WHAT WHERE HOW WHY WHEN WHO
SLIDE #1

ABS: Ok, I've come here today to talk about something that, in contrast to many of the things we've been hearing about in the last few days, is an idea that is not currently being implemented anywhere, and I'm not working on it; and it's basically just a vision for the future, and this seemed like an approximately appropriate forum in which to inject this vision.

As the cost of medical imaging technology continues to drop even as techniques improve and become less invasive, we are clearly headed for an era of universal application of medical imaging to diagnosis and treatment monitoring. Though this technology is being developed for use by medical professionals, a spin-off will be the availability of systems that lay persons can use to image their own bodies. This talk describes such a self-imaging system and its purposes and possible evolution and uses. The benefits of such a system include patient motivation, early problem detection, and the leveraging of medical professional resources, as well as whatever acceleration of healing can occur due to accurately-applied "creative visualization," whether due to actual undiscovered mechanisms or placebo effects.

SLIDE #2: Abstract for this talk

First of all my abstract: "As the cost of medical imaging technology continues to drop even as techniques improve and become less invasive, we are clearly headed for an era of universal application of medical imaging to diagnosis and treatment monitoring. Though this technology is being developed for use by medical professionals, a spin-off will be the availability of systems that lay persons can use to image their own bodies. This talk describes such a self-imaging system and its purposes and possible evolution and uses. The benefits of such a system include patient motivation, early problem detection, and the leveraging of medical professional resources, as well as whatever acceleration of healing can occur due to accurately-applied 'creative visualization,' whether due to actual undiscovered mechanisms or placebo effects."

So that's it in a nutshell.
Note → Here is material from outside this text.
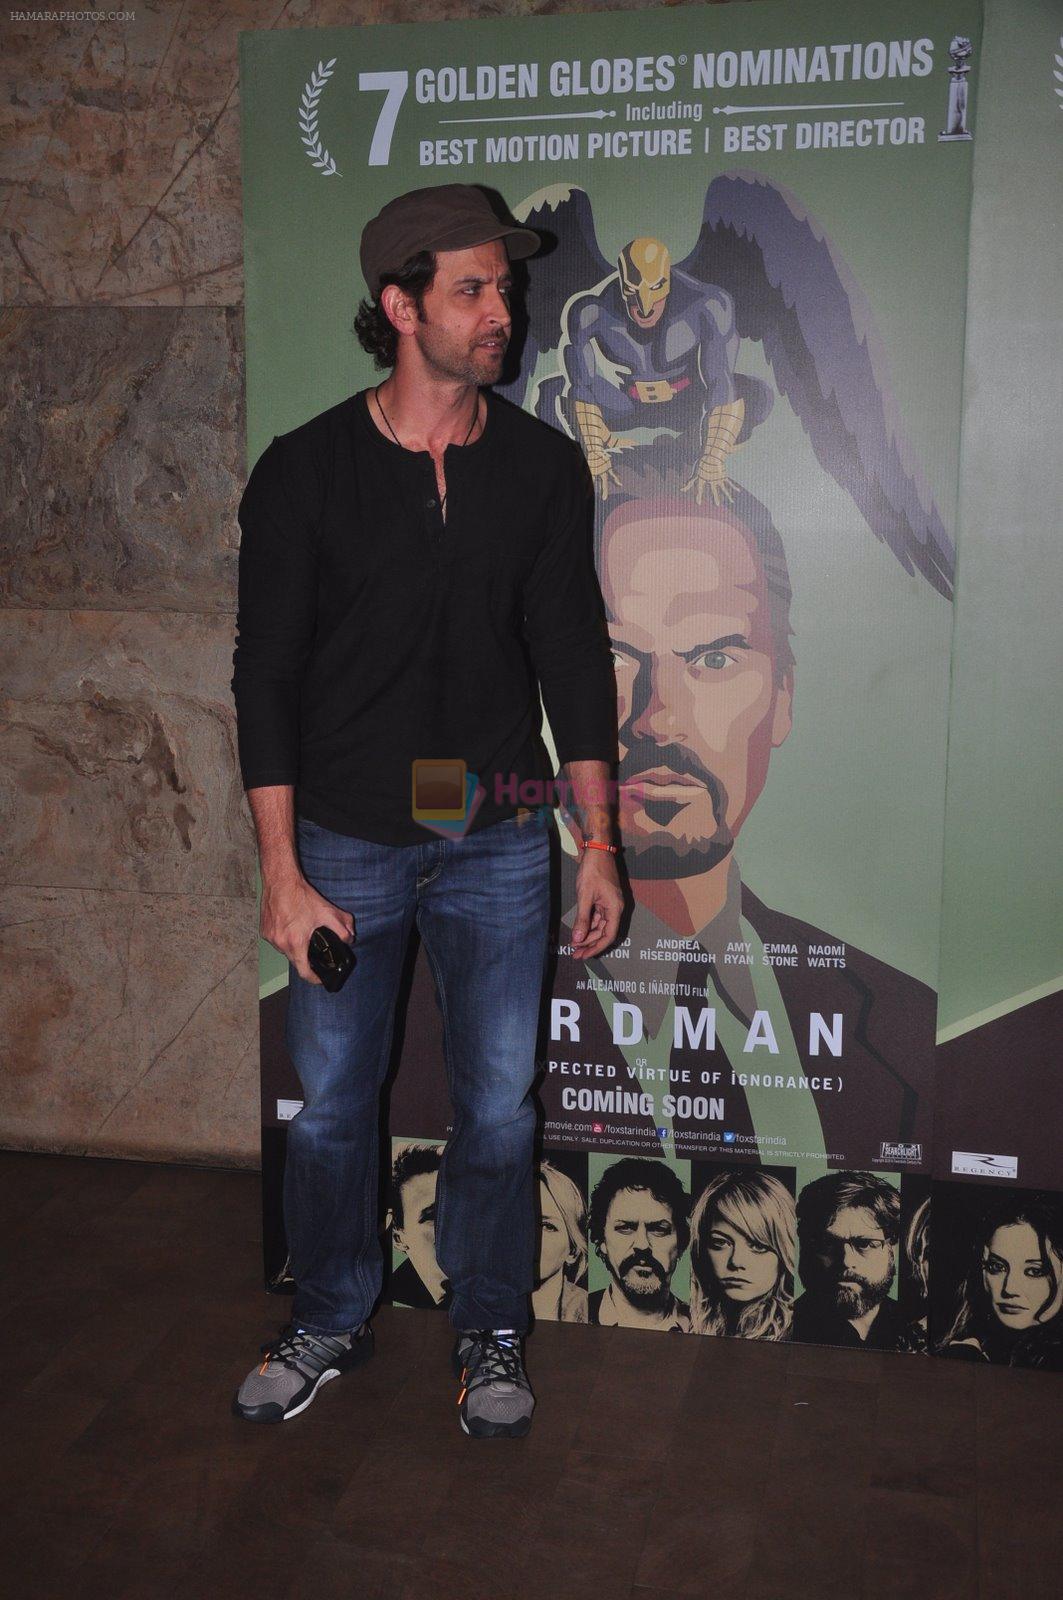 Hrithik Roshan at Birdman screening in Lightbox, Mumbai on 16th Jan 2015

That's really the whole talk, the rest is just fluff; but since they gave me 15 minutes I'll go ahead and use it.

A little more detail on this:

The data to input to this device would have to come from non-invasive measurement because you want to be making the measurement frequently. The visualization methods have to be quite advanced, including artificial intelligence applied to the segmentation problem, because there isn't going to be the man-hours to do this kind of thing manually. It has to have a completely intuitive user interface since the average person is going to be using it. It would be nice if it could do some preliminary diagnosis with expert systems techniques. Also it's vital that this all occur in the context of the patient being in a relationship with their physician, so they don't go off half-cocked just playing with their own body, possibly even getting into some bad hypochondriac loops.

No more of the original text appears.